Do you know what it says at the beginning of Hebrews? Who is sitting at the controls of the power, who upholds the whole thing by His word of power? Our Savior. Understanding this makes David's exhortation in verses 9 and 10 clearly understandable. David is counseling these people who are against him. "Surely men of low degree are vanity, and men of high degree are a lie: to be laid in the balance, they are altogether lighter than vanity. Trust not in oppression, and become not vain in robbery. If riches increase, set not your heart upon them."
When David says in Psalm 62:11 that "God has spoken once; twice I have heard this," he is using a Hebrew idiom that means in English "I have heard this over and over." It means "repeatedly." In practical application it means that God will always decide the outcome of whatever is in dispute, whatever hangs in the balance. He is sitting in judgment of the whole earth.
We are going to look more closely at the word "power." Some translations will translate that word "strength." Either one is correct. Power is defined in the Reader's Digest Oxford Complete Word Finder as: "having the ability to act; influence."
This next definition is really rich. It is from the same dictionary. It says: "A particular faculty of body or mind capability." That definition of power or strength opens a whole other exciting avenue. It takes the meaning of "power" from being nothing more than brute overwhelming force into such areas of power as intellect. Do you think intellect is not a power? Also in areas of wisdom, understanding, vision, logic, energy, eloquence, wealth, authority, privilege, prerogative, control, mastery, persuasion, forgiveness, mercy, and it goes on and on and on.
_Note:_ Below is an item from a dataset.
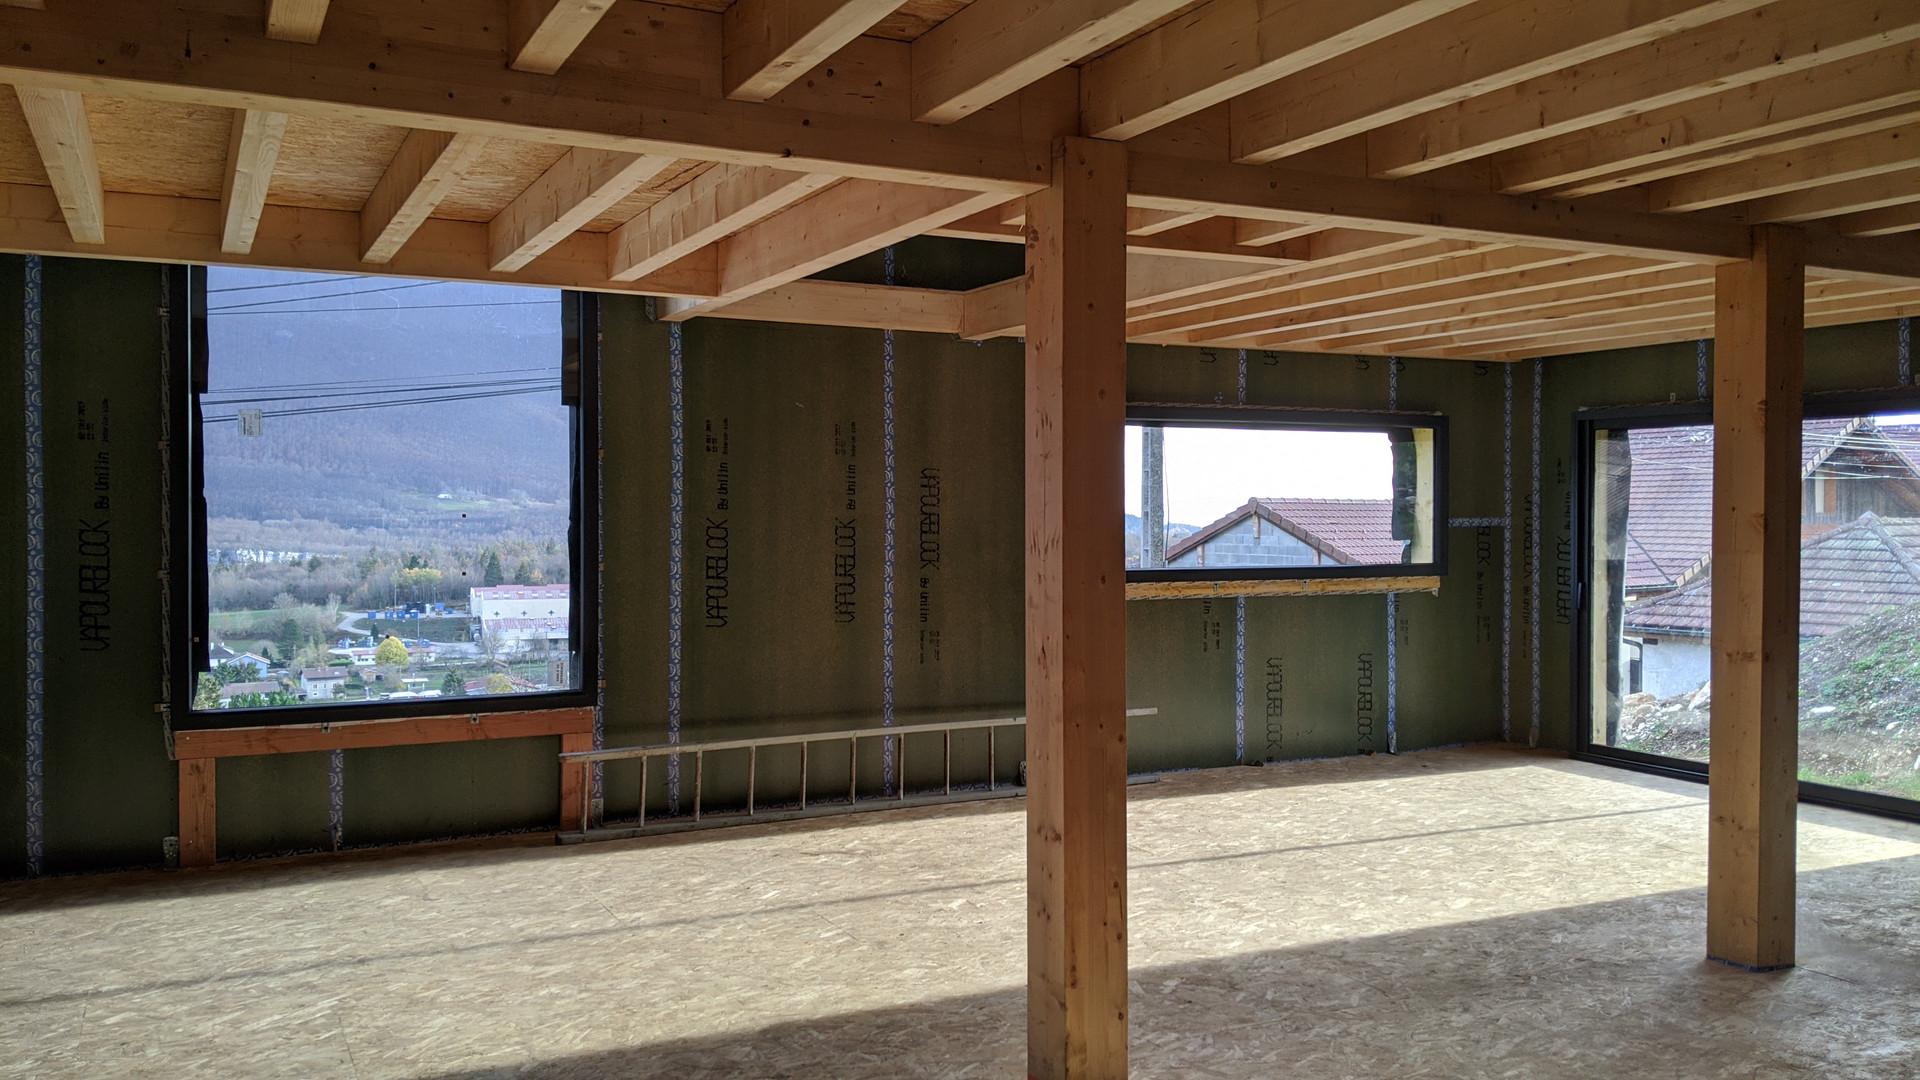 Hirundo-Architecture_Projet B&R_Chantier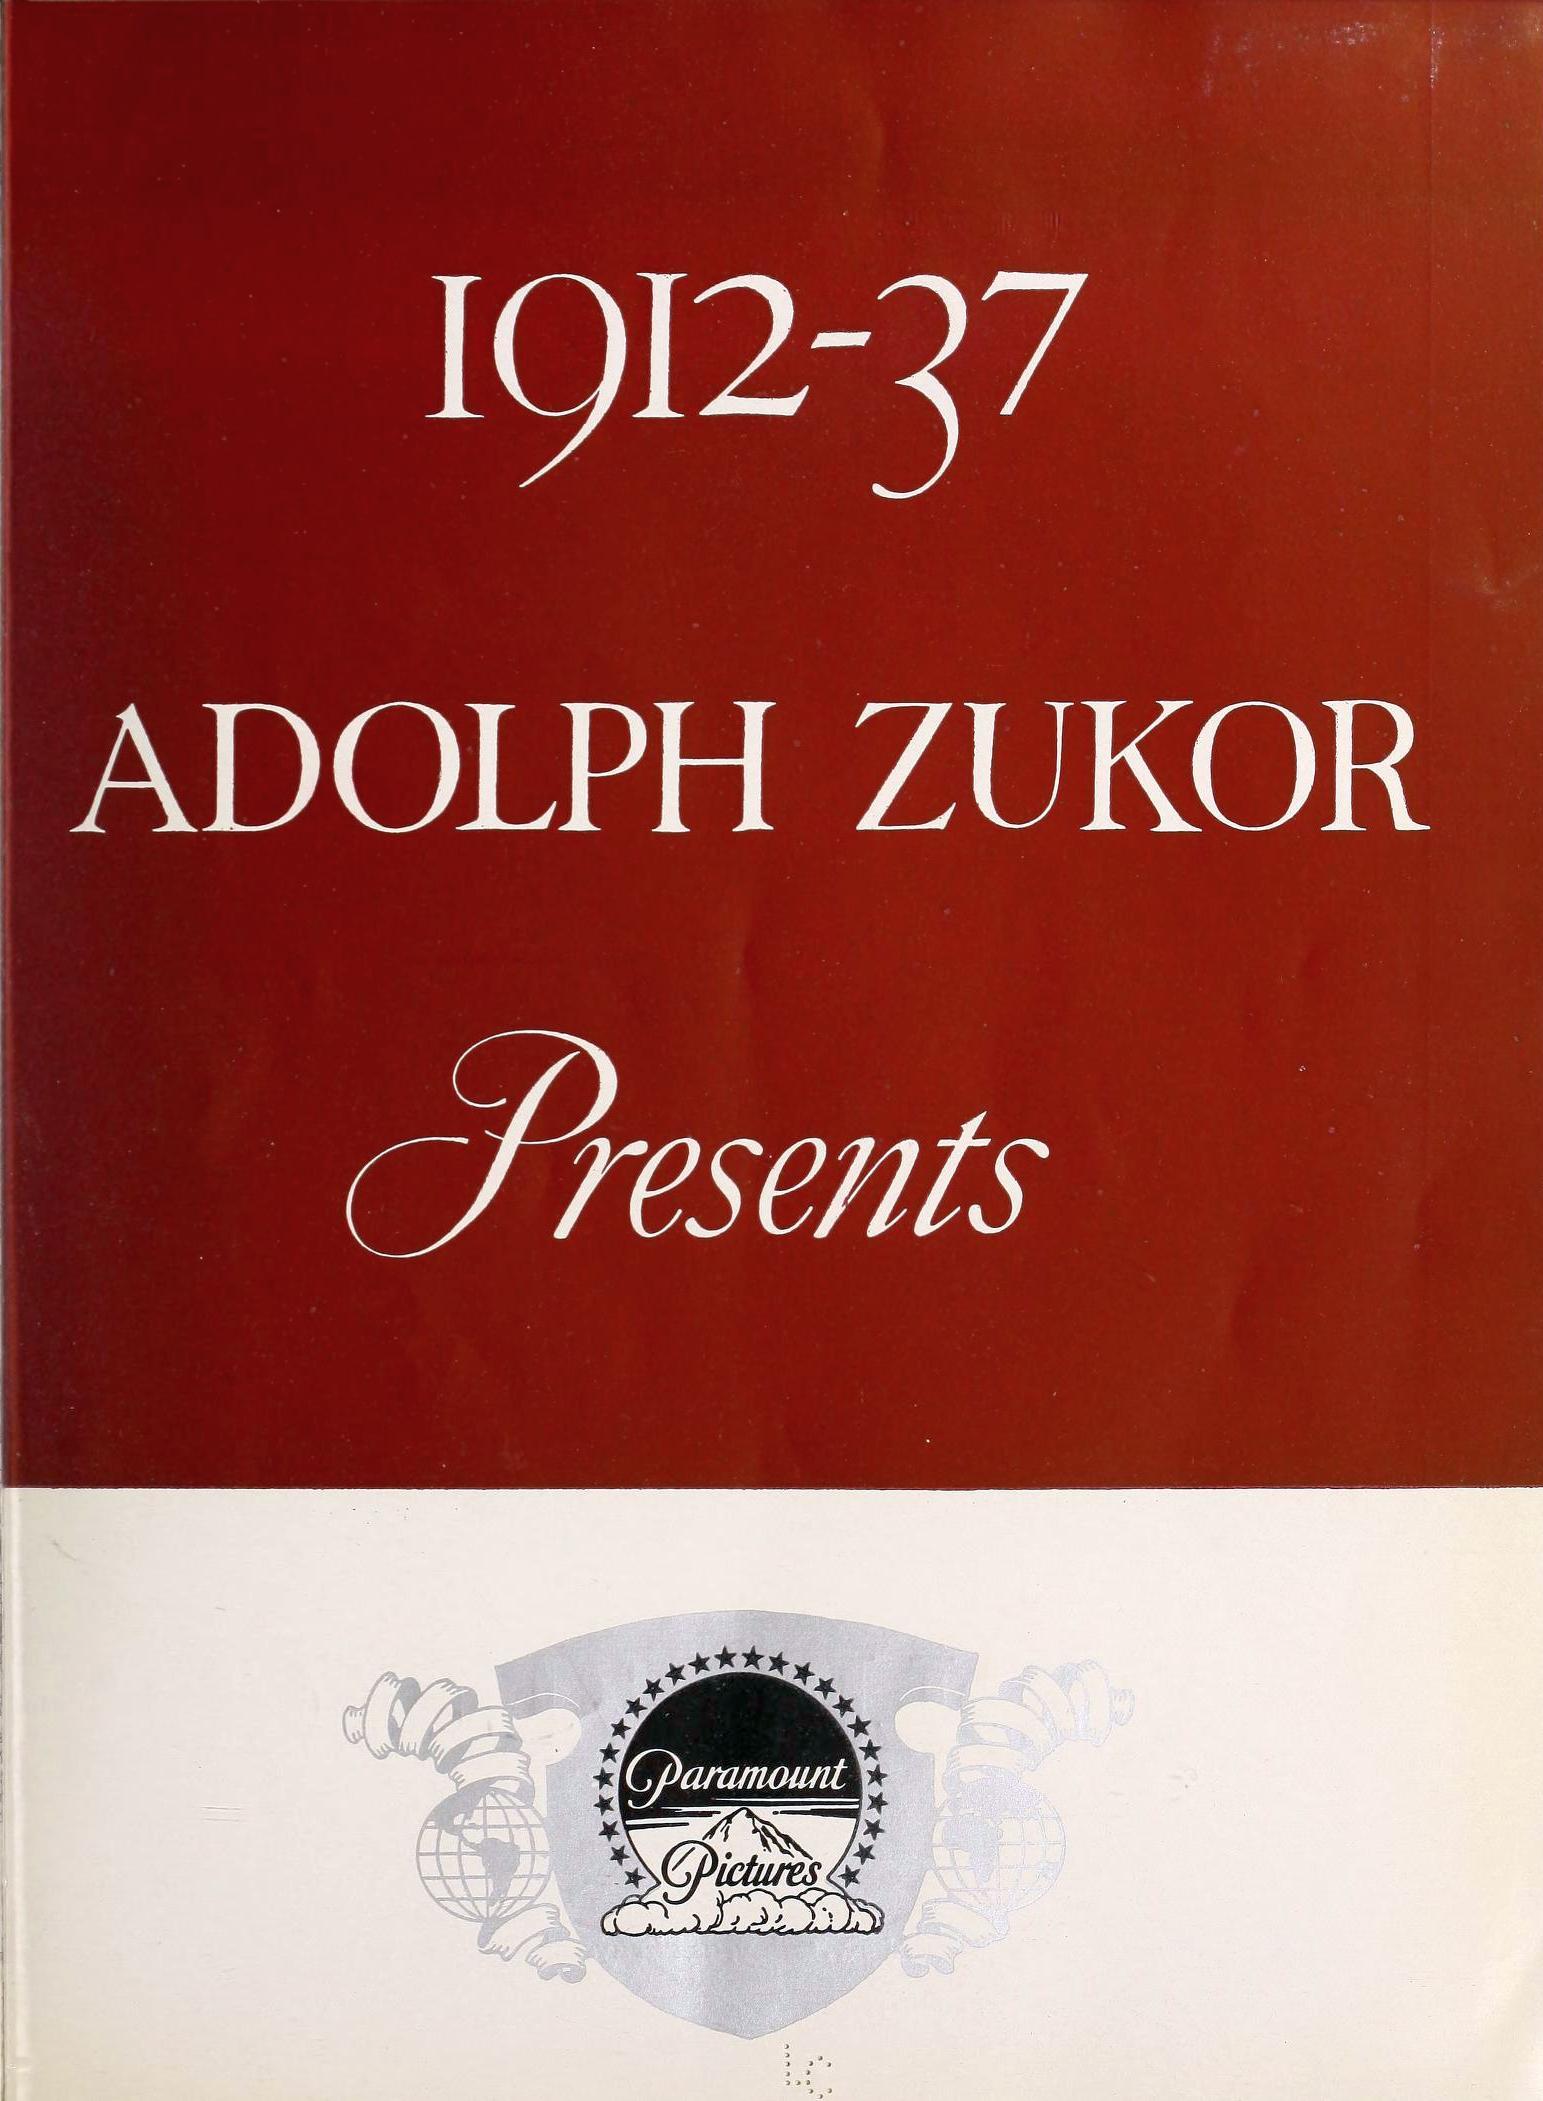 adolph zukor 010537 film daily 00a

All of those things, and many more, are encompassed within that word "power" or "strength." Where else are we going to turn to who has this awesome package of powers to use to come to our aid? There is no help like Him anywhere, because power belongs to Him. We will see more of this tomorrow. Is there any area of life; is there any need that He is not superior to any source that we might possibly seek out to provide help during our time of need? I am not saying that we should not use human beings, but it would go a lot better if we seek God first, and then use them. So David is suggesting to us that whenever you are in trouble and need help, why not just go right to the top? Why fool around?
In verse 12 David adds yet another quality we very much need to consider. God is not only just, as David states, but He renders to everyone according to his deeds. He will punish, but He is also merciful, for within the context He is the very pinnacle of love. "God is love." I think you understand that in the biblical spiritual sense "the love of God is shed abroad in our hearts by His Holy Spirit." We do not have that love until He gives it, and then that begins to enable us to keep the commandments the way God intends that they be kept, because that power is distributed to us.
Do you think we need this relationship with God, or what? This entire Psalm 62 is a brief general instruction explaining why we should trust God. It is simply stated, and to those who believe, there is nobody more trustworthy. It is that simple. It does not have to be complicated. There is just nobody more trustworthy. So in a broad way, David is saying that God's power to act in behalf of His purposes is the very foundation of our faith in Him.